Let’s face it, most farming in the world does not tread lightly on watersheds and ecosystems. Gold Mountain Coffee Growers in Nicaragua is taking actions to grow coffee in as sustainable a way as possible—and for those actions they were rewarded the Specialty Coffee Association of Europe’s Excellence Award for Sustainability. Here’s some of what they’re doing:
· Rainforest: They bought a rainforest just to protect it! Seriously! With no direct economic benefit to themselves. They’re not growing any coffee there, and they patrol the rainforest with security guards to prevent deforestation, at their own expense. This rainforest has natural springs and streams that supply various communities below with water. It contains natural pollinators and the cool breeze from the forest helps keep the coffee next door cooler, acting as a natural air conditioner.

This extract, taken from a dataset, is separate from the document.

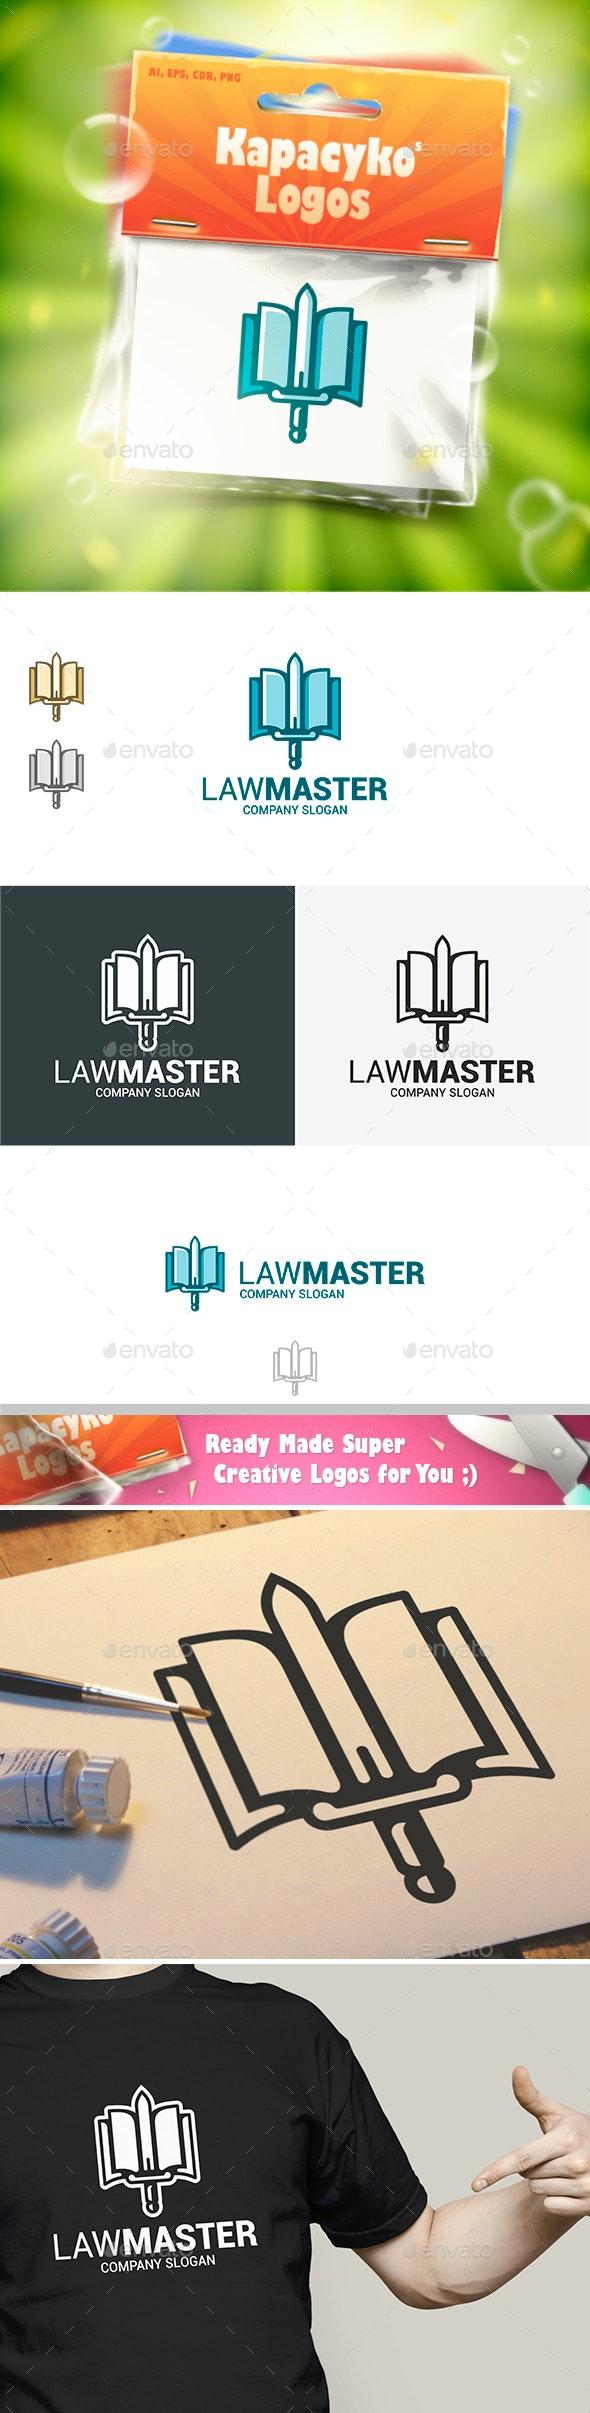 Law Master Logo - Abstract Logo Templates
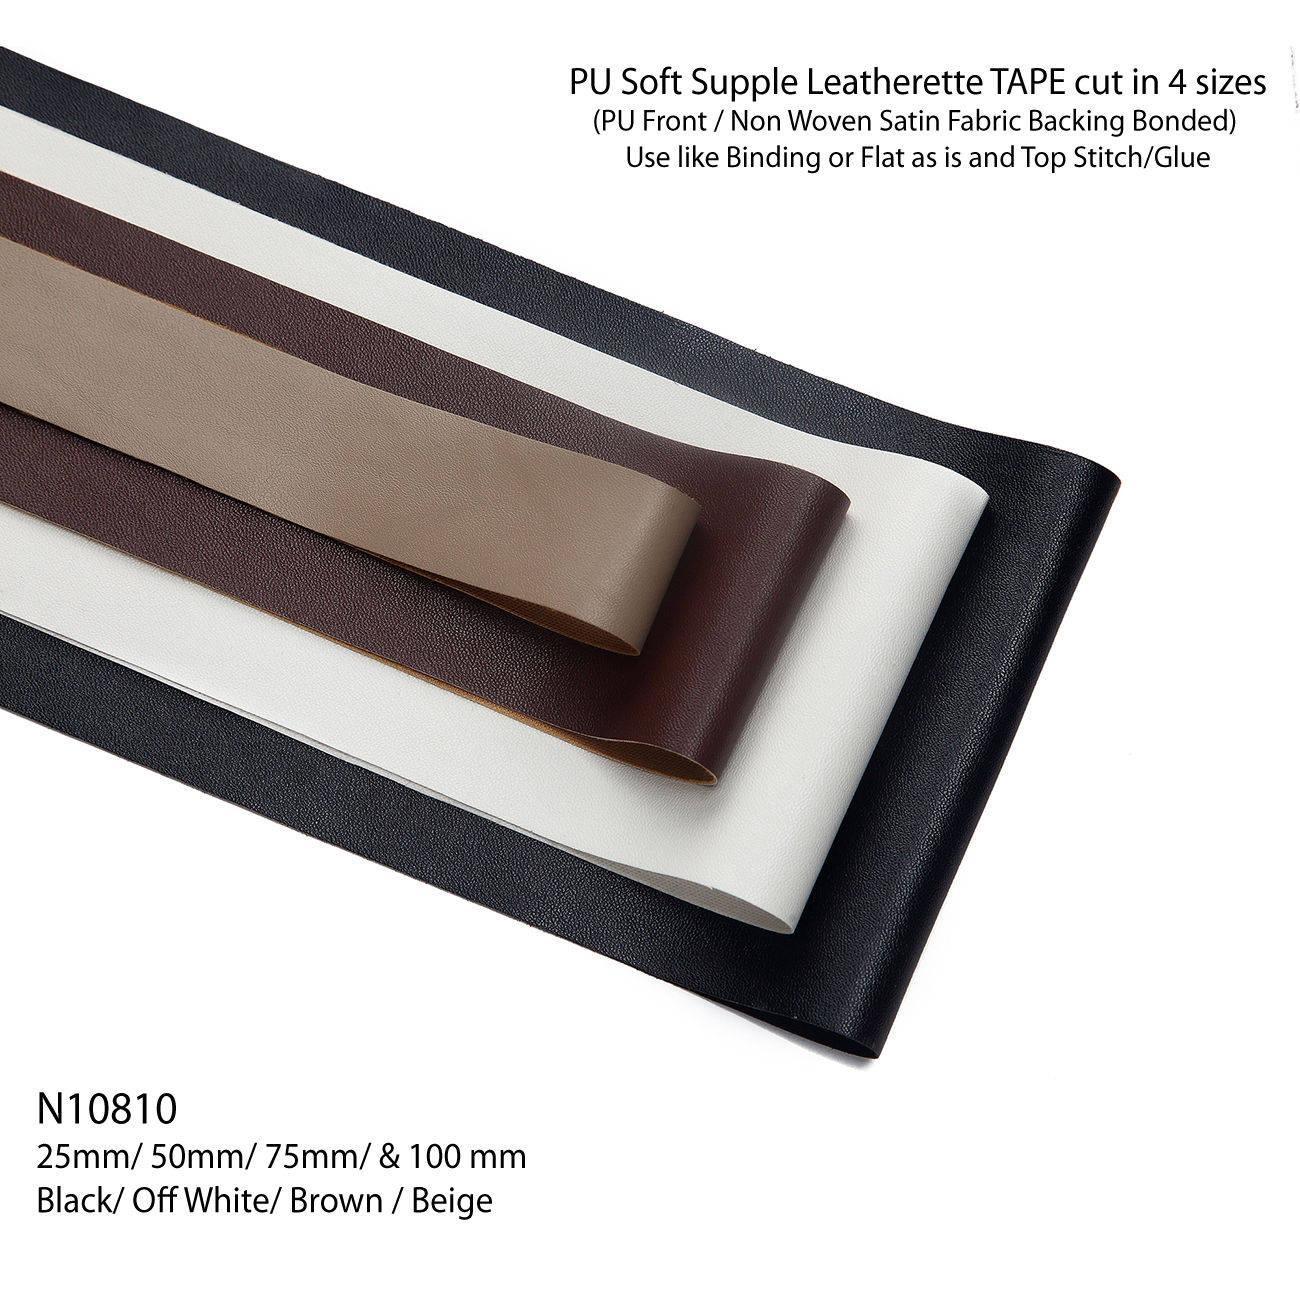 PU Faux Imitation Leather Cut Binding Flat Tape Trimming

This helps lengthen the maturation cycle of coffee beans, giving them more time to absorb natural sugars and organic material—which results in more complex and higher coffee cupping scores (AKA great taste).
· Volcanic filters: Gold Mountain Coffee Growers’ flagship farm, Finca Idealista, built volcanic filters to clean water after it is used to wash coffee, before it returns to the watershed. Water used to wash coffee goes through filter after filter, through rocks and sand from a volcano, followed by an oxidation are where naturally-occurring enzymes eat any organic material left in the water.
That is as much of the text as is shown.